*** Dataset excerpt Section Begins ***

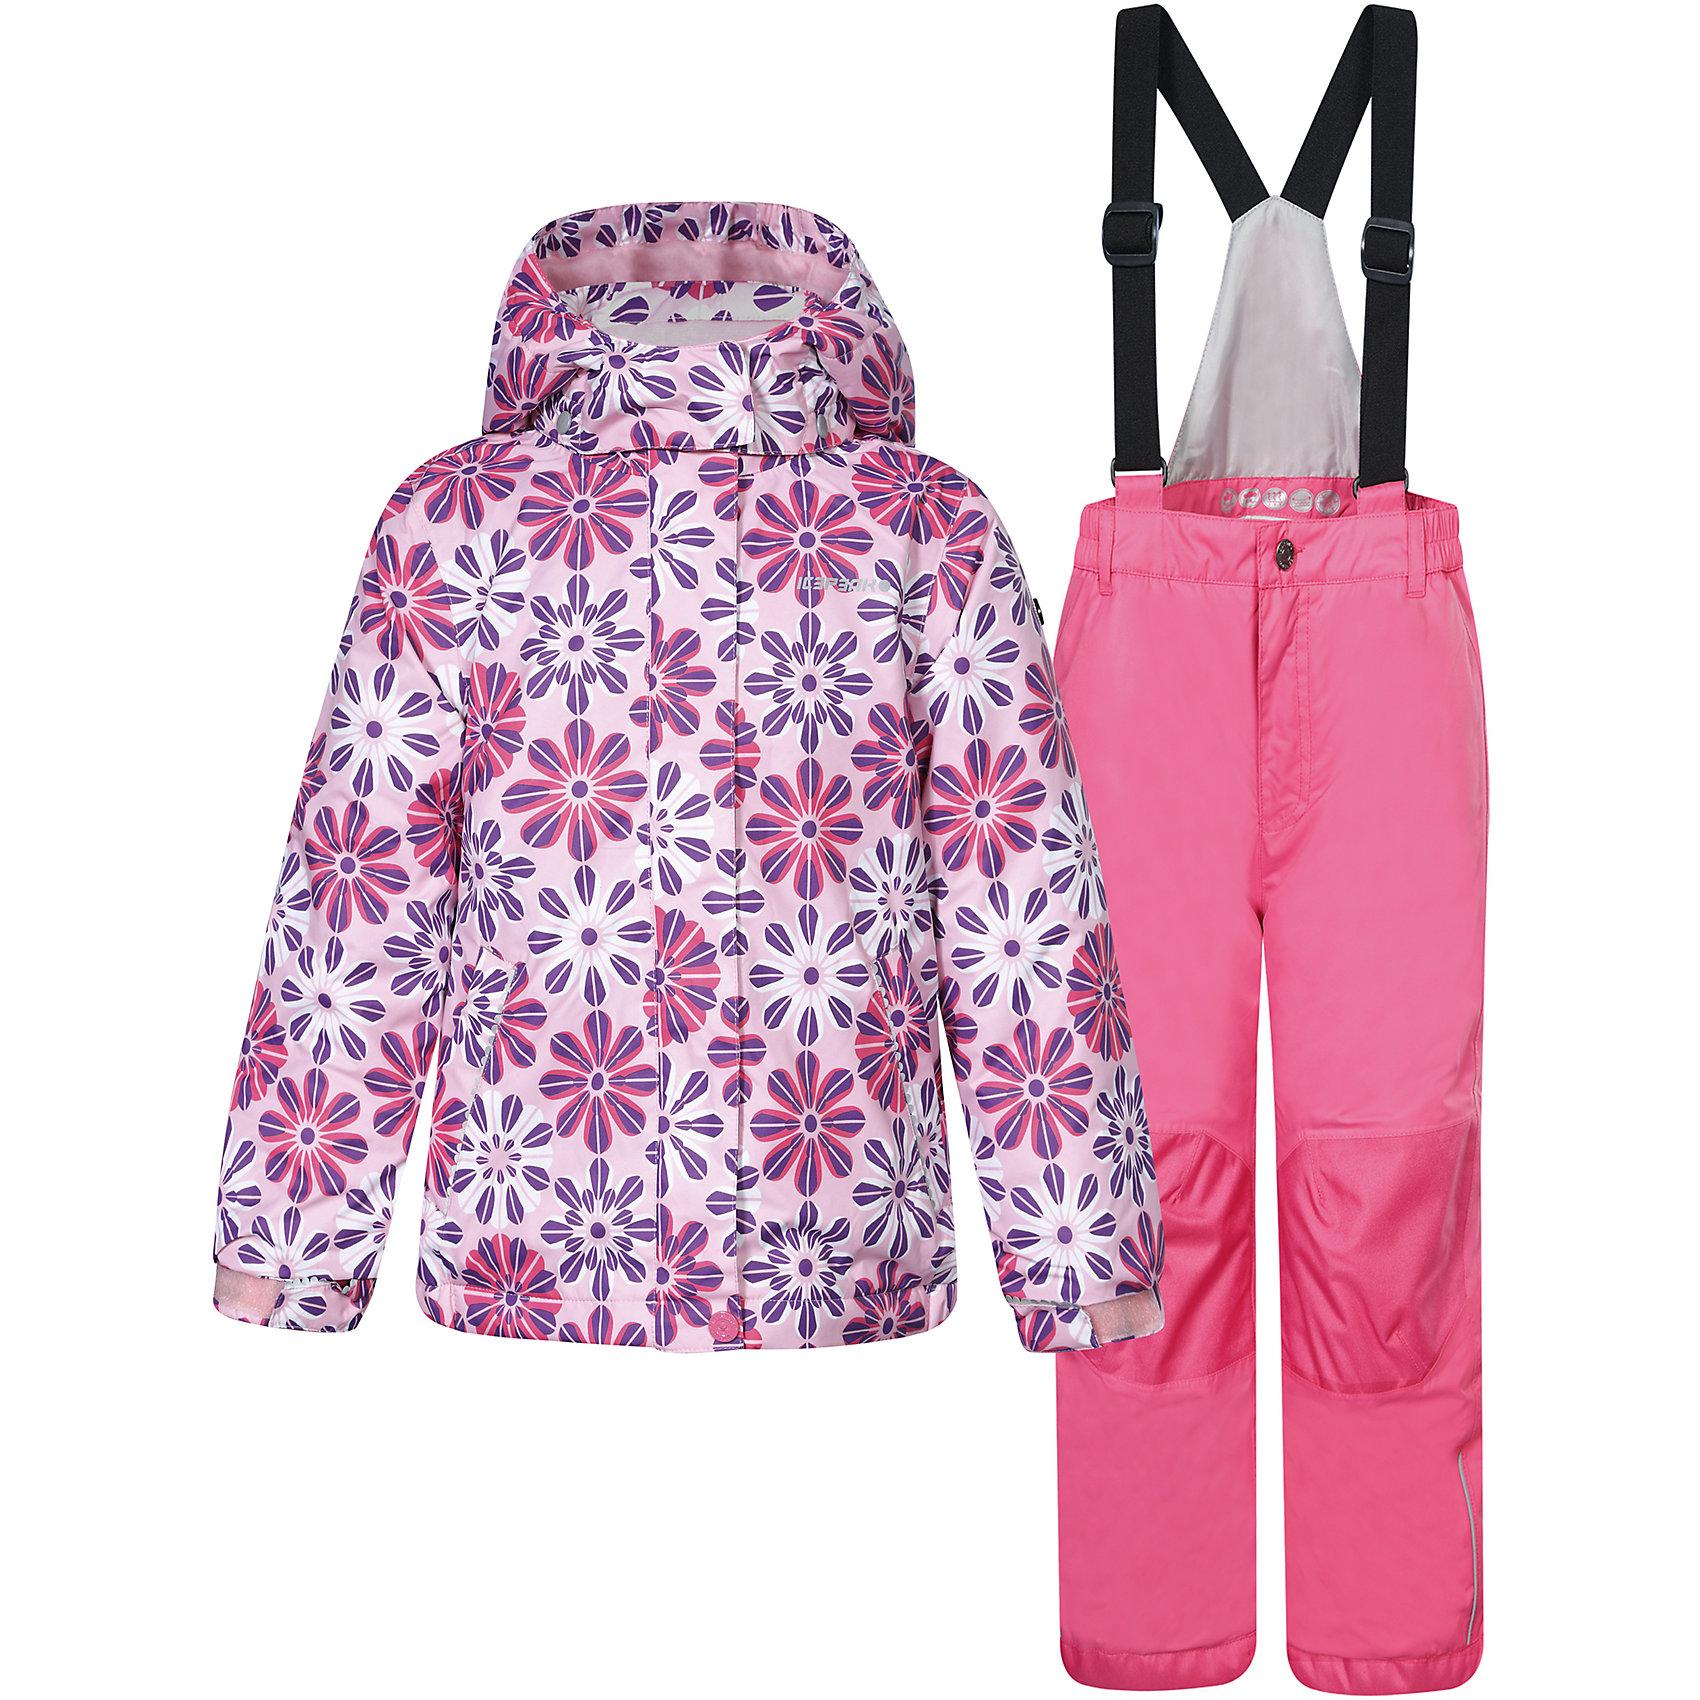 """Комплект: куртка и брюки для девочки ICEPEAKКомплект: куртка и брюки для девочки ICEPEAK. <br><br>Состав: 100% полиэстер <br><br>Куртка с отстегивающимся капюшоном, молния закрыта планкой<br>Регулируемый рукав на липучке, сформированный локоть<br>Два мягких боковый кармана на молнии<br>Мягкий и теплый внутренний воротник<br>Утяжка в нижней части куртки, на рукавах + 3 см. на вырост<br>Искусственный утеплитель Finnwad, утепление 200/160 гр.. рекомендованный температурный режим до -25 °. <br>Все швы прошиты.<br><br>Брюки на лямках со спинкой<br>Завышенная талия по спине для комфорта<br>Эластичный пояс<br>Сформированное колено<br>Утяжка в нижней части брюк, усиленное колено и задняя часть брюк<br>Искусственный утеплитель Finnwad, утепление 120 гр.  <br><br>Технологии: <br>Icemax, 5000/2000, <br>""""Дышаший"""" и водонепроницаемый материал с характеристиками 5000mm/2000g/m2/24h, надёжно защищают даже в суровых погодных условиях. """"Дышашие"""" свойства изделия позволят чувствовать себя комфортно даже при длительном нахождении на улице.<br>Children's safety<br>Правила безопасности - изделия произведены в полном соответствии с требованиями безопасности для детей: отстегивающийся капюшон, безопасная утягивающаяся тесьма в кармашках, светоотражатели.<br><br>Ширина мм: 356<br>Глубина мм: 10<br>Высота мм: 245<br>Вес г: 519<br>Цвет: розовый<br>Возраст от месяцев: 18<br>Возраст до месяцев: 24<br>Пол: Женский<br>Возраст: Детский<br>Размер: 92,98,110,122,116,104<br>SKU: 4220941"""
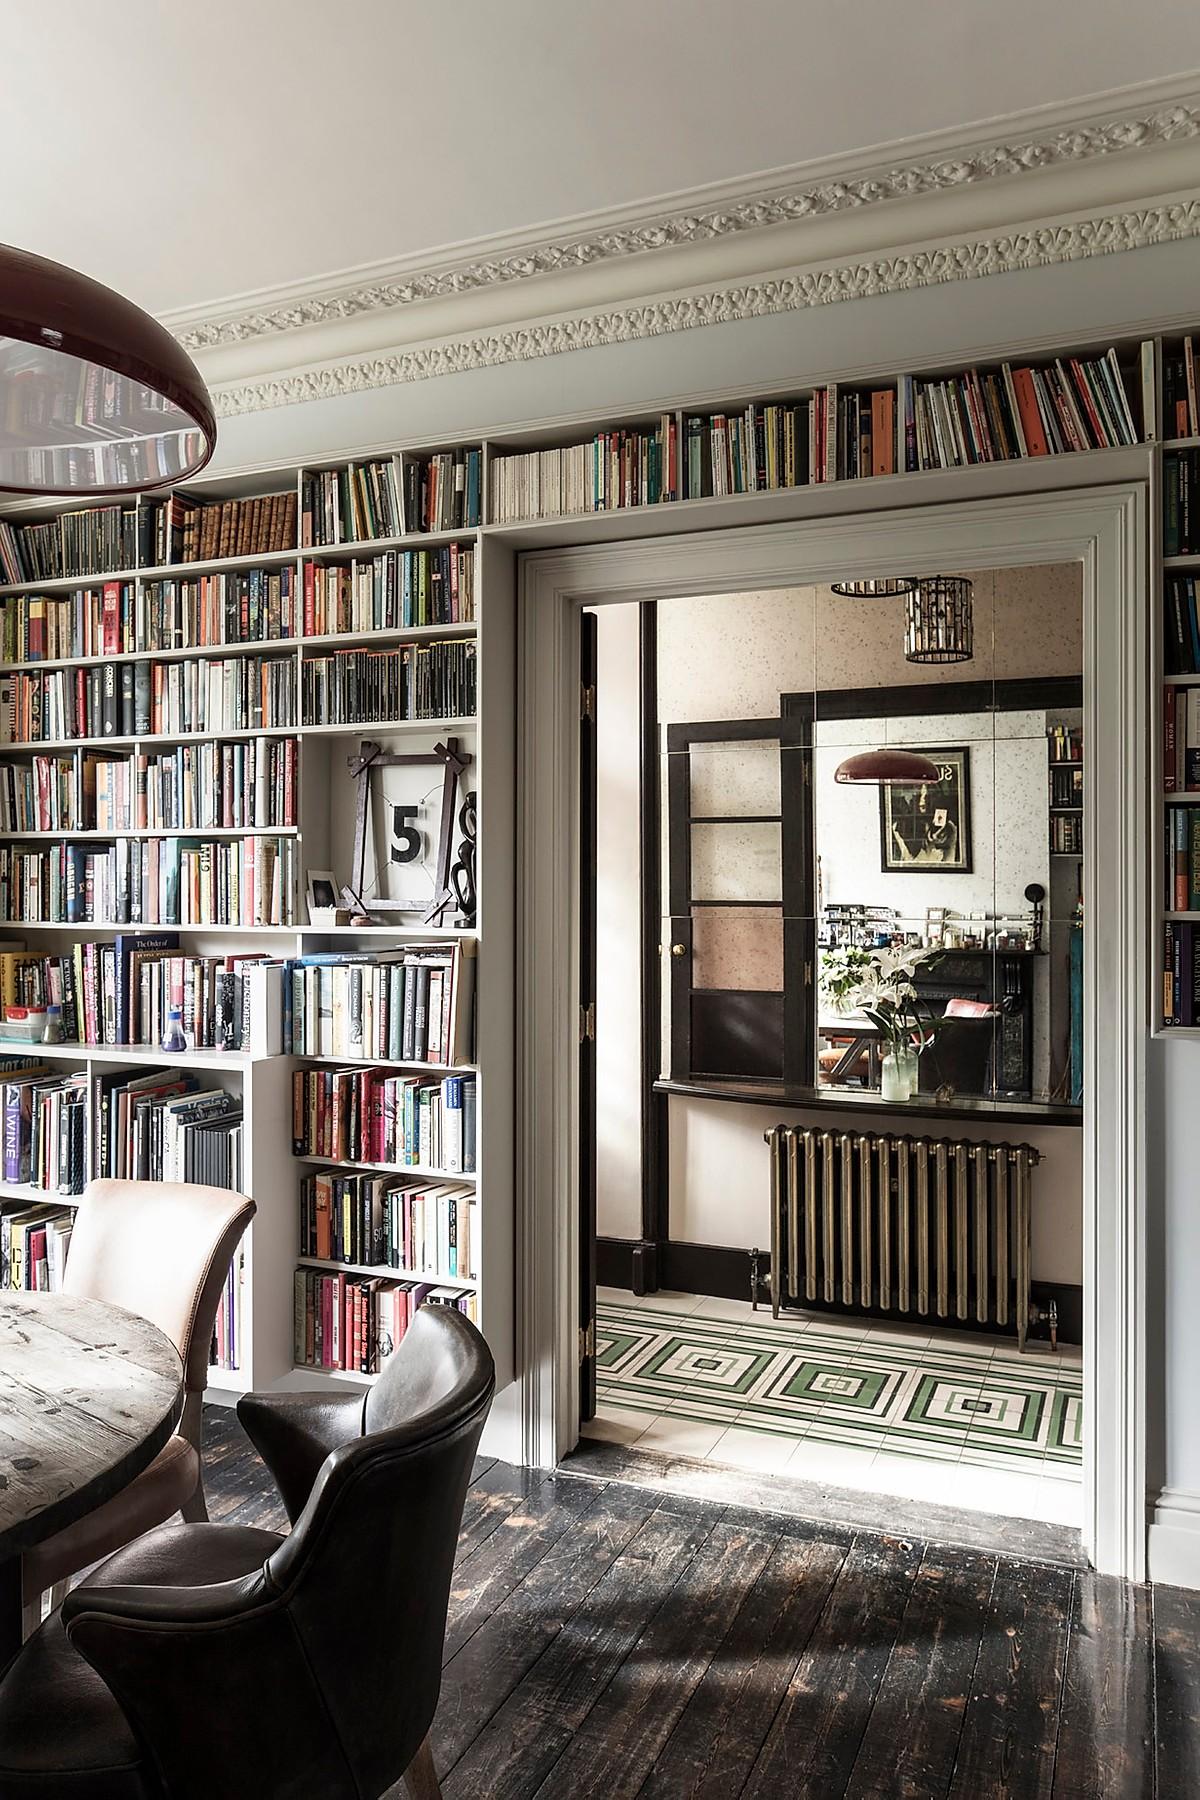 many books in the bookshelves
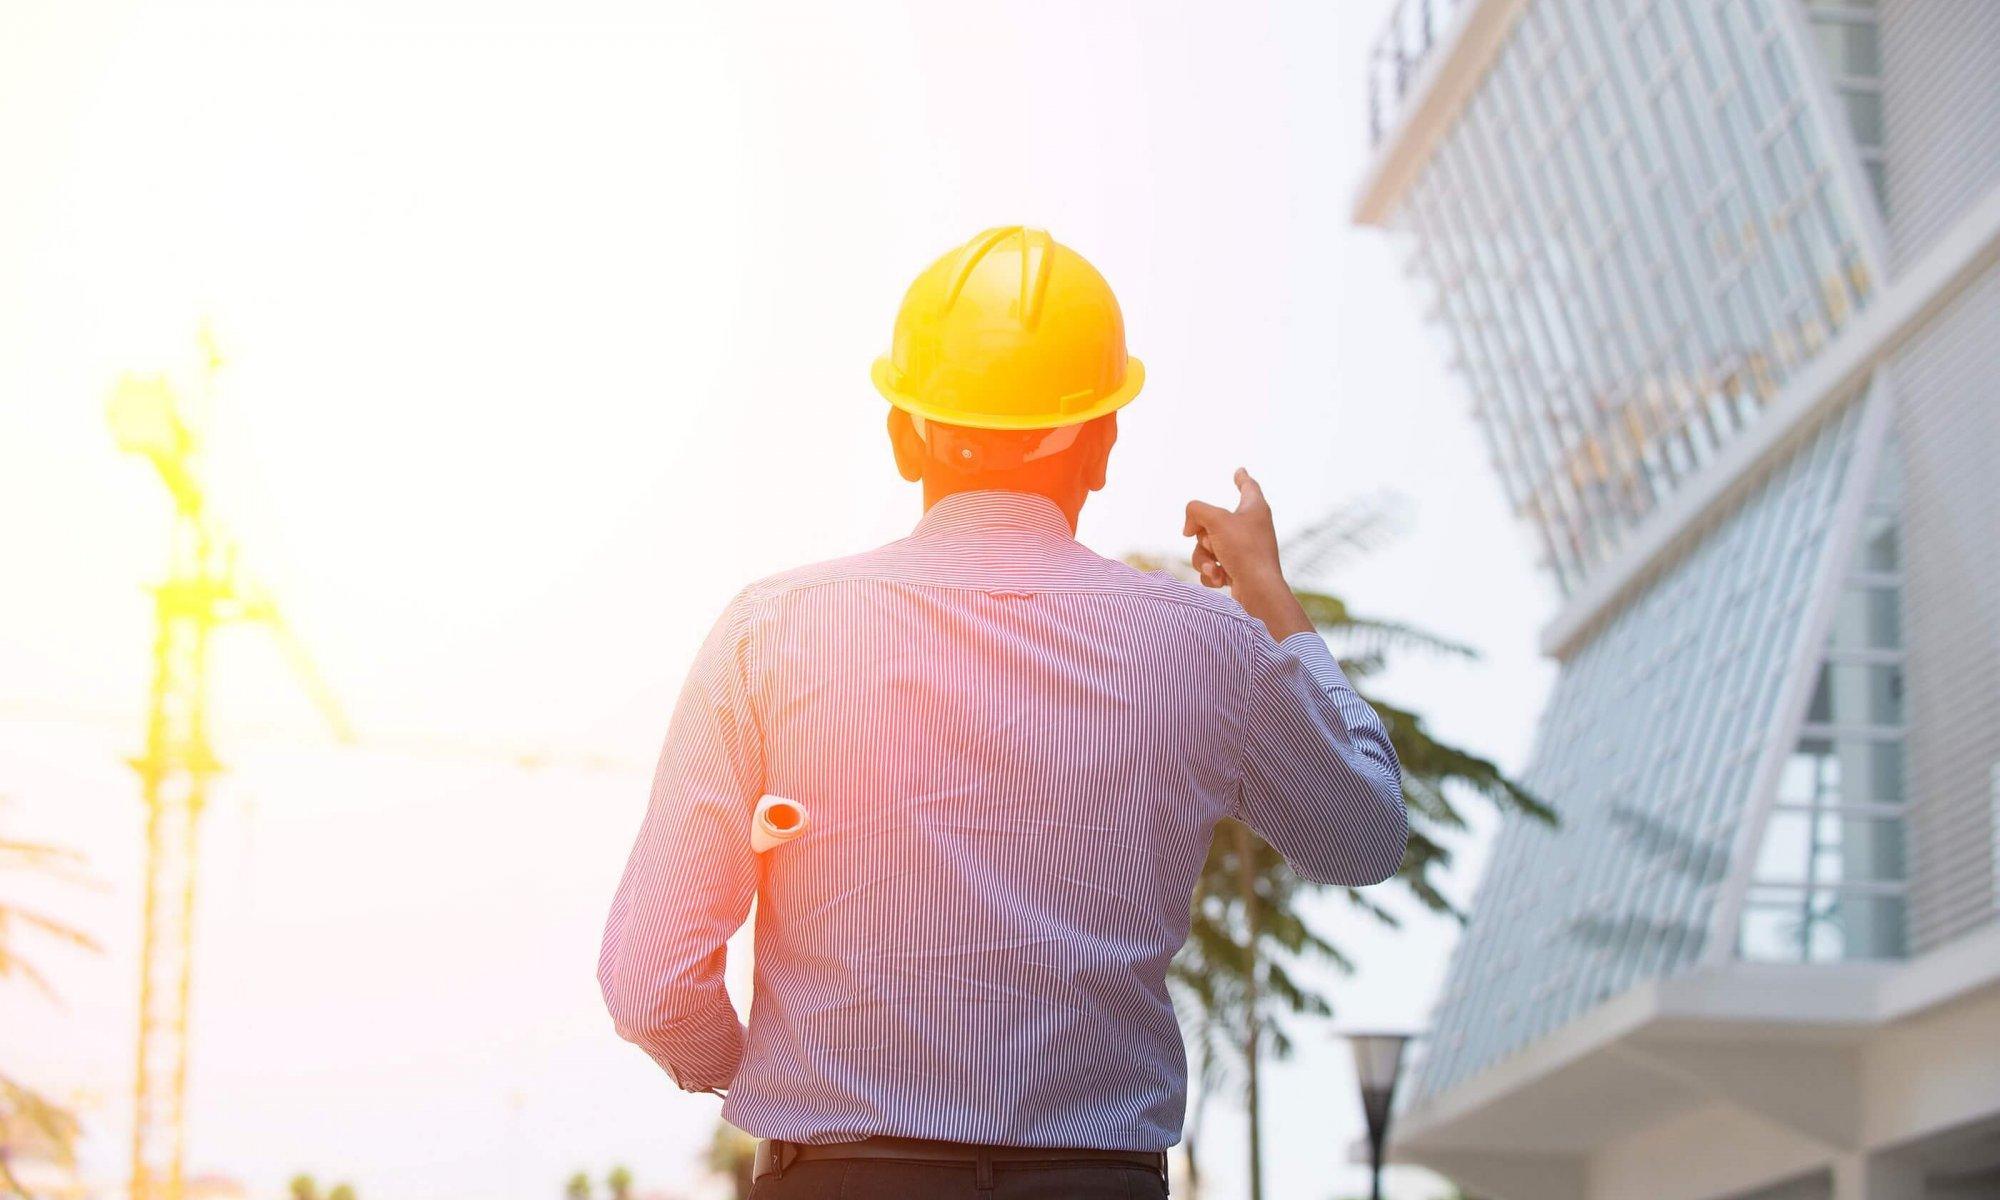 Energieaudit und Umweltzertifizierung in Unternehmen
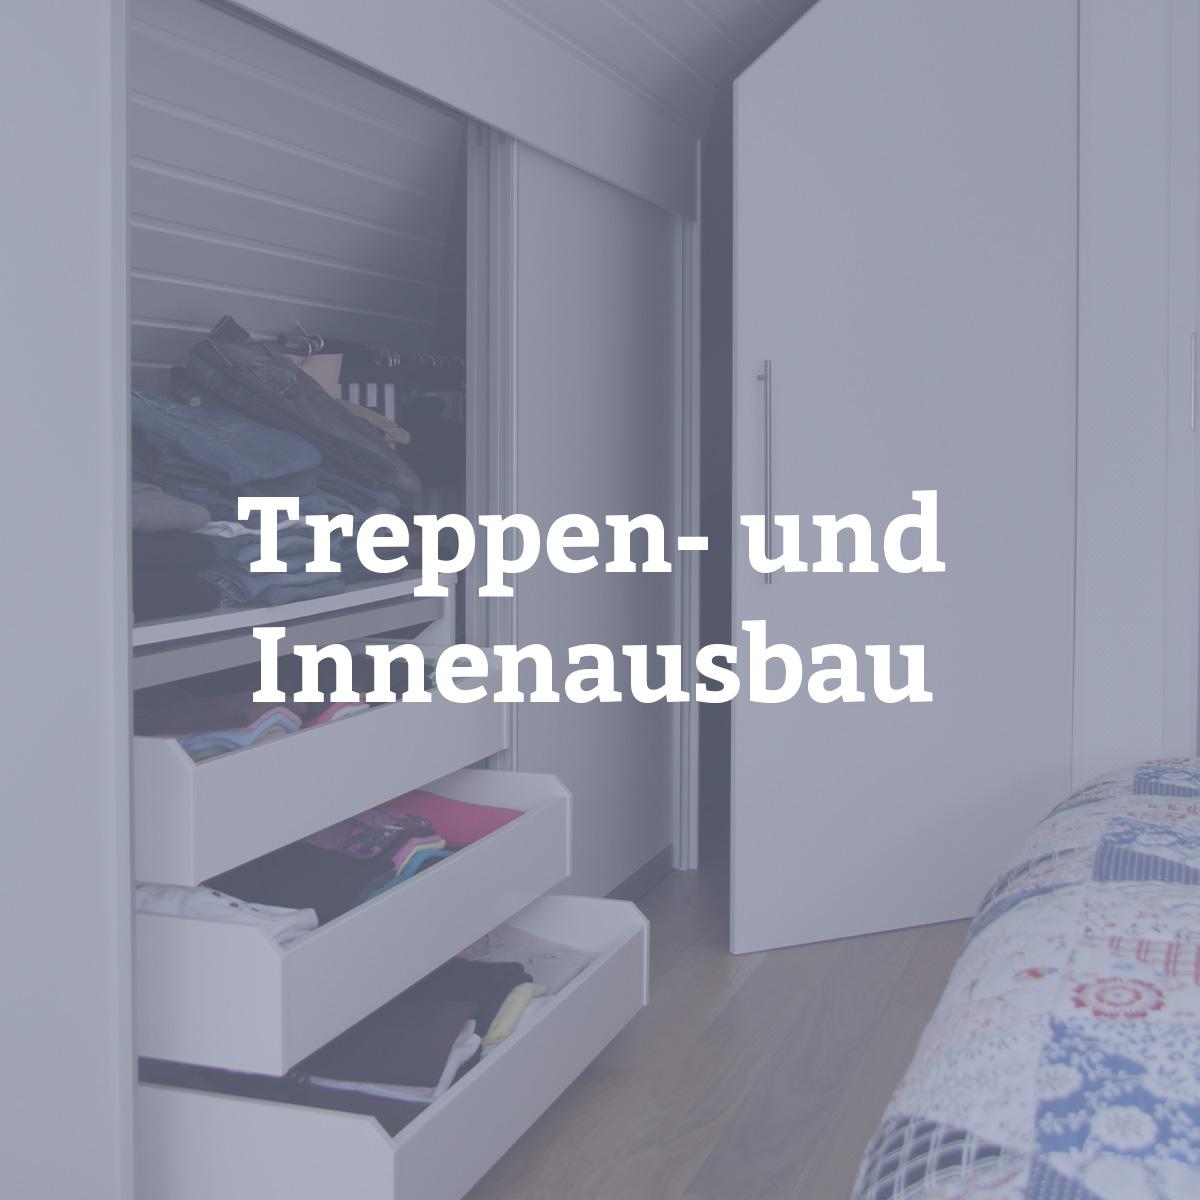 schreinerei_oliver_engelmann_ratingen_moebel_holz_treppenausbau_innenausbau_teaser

*** Dataset excerpt Section Ends ***

Task instructions:
Transcribe exactly the lines above, running from the one that contains "Energieaudit und Umweltzertifizierung" through the final line of the listing, and skip every picture.

Solution for this exercise:
 Energieaudit und Umweltzertifizierung in Unternehmen
 schreinerei_oliver_engelmann_ratingen_moebel_holz_treppenausbau_innenausbau_teaser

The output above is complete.